Kegiatan tersebut dihadiri oleh Kabag Ops Polres Buru Selatan KOMPOL Rifal Efendy Adikusuma, S.H., M.H., para Pejabat Utama (PJU) Polres Buru Selatan, personel Brimob Kompi 3 Batalyon A Pelopor, personel Polres Buru Selatan, Bhayangkari Cabang Buru Selatan, serta unsur Perhubungan Laut.

Rangkaian upacara diawali dengan laporan Komandan Upacara, penghormatan kepada arwah para pahlawan, mengheningkan cipta, pelarungan karangan bunga oleh Inspektur Upacara yang dilanjutkan dengan tabur bunga sebagai bentuk penghormatan dan penghargaan atas jasa-jasa para pahlawan yang telah gugur demi bangsa dan negara. Kegiatan kemudian ditutup dengan doa dan pembubaran pasukan.
___
Kegiatan tersebut diikuti jajaran pejabat utama dan personel Polres Buru Selatan, personel Brimob, pegawai Pelabuhan Namrole, serta Bhayangkari Cabang Buru Selatan yang bersama-sama memberikan penghormatan kepada arwah para pahlawan dan pejuang bangsa.

Kelopak-kelopak bunga yang mengapung di permukaan laut seakan menjadi simbol keikhlasan, penghormatan, dan rasa terima kasih atas pengabdian tanpa pamrih yang telah diwariskan kepada generasi penerus.
Di tanah Lolik Lalen Fedak Fena, laut bukan sekadar bentangan air yang memisahkan pulau-pulau.

Baca Juga  Golkar Buru Selatan Geram: Polisi Jangan Diam, Tangkap Pelaku

Laut adalah ruang sejarah, tempat para pelaut, pejuang, dan anak negeri menorehkan jejak perjuangan. Karena itu, tabur bunga di Samudra Namrole bukan hanya seremoni tahunan, melainkan pengingat bahwa kemerdekaan dan keamanan yang dinikmati hari ini lahir dari pengorbanan mereka yang rela mengabdikan hidupnya untuk bangsa.

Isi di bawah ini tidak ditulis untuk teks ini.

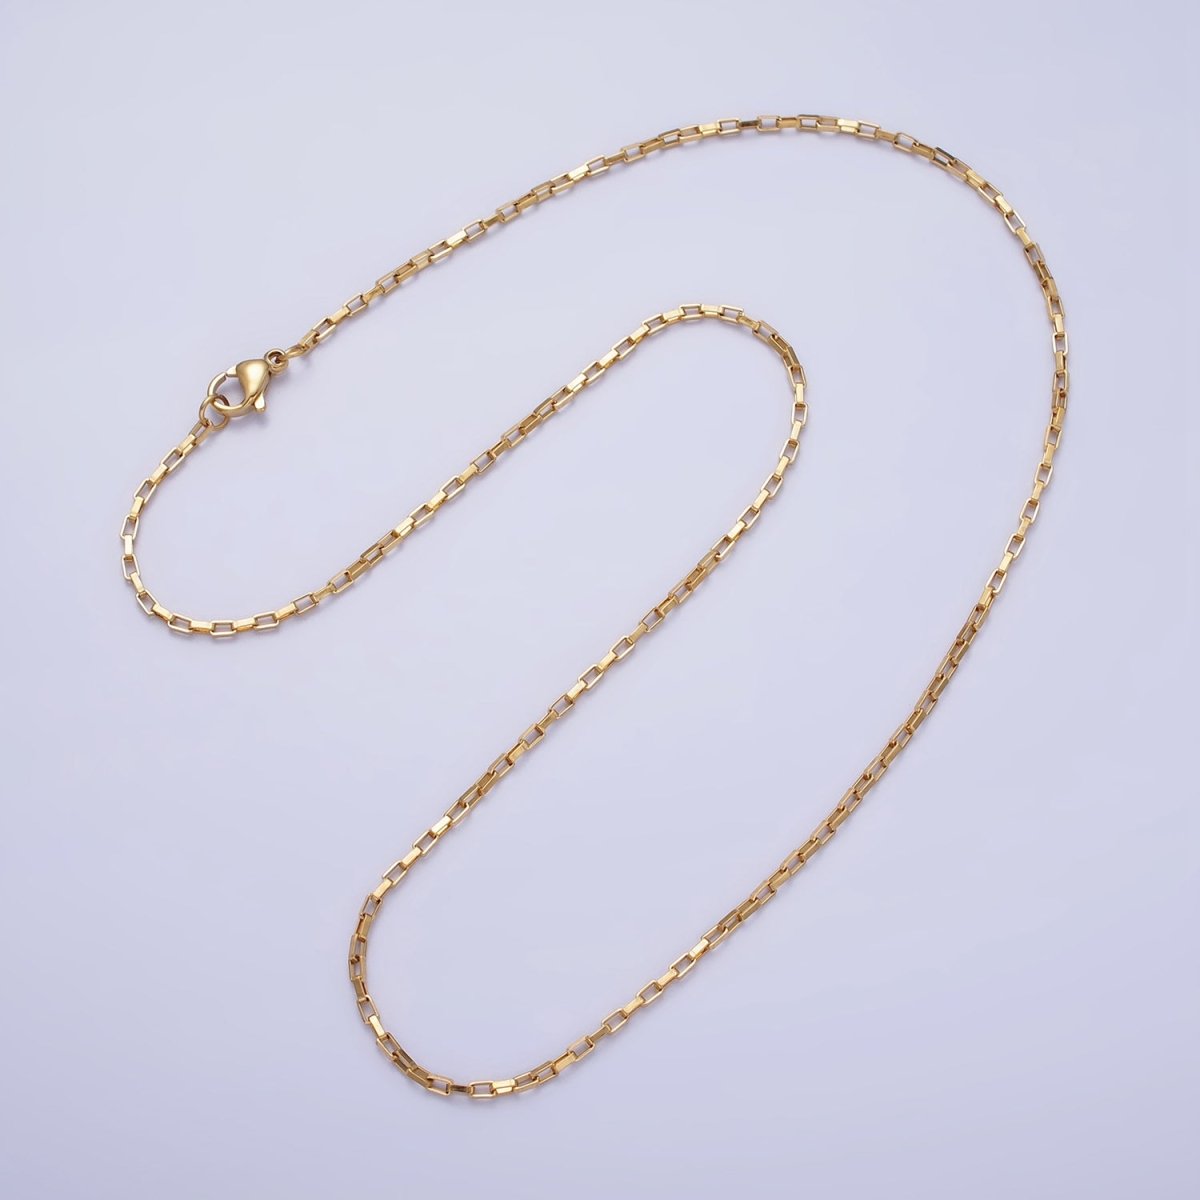 Gold Link Chain Paperclip Chain Necklace Dainty Stainless Steel Link Chain 17.7 inch Jewelry Making | WA-1696 WA-1697 Clearance Pricing - DLUXCA

Momentum tersebut juga menjadi refleksi bagi seluruh insan Bhayangkara agar senantiasa meneladani semangat juang para pendahulu dalam memberikan perlindungan, pengayoman, dan pelayanan terbaik kepada masyarakat.

Dengan latar deburan ombak yang tenang dan angin laut yang berembus lembut, seluruh peserta larut dalam suasana penuh haru.

Buru Selatan seakan menitipkan doa melalui samudranya, agar jasa para pahlawan tidak pernah tenggelam oleh waktu.
Peringatan HUT Bhayangkara melalui prosesi tabur bunga ini menjadi simbol bahwa pengabdian sejati tidak pernah berakhir.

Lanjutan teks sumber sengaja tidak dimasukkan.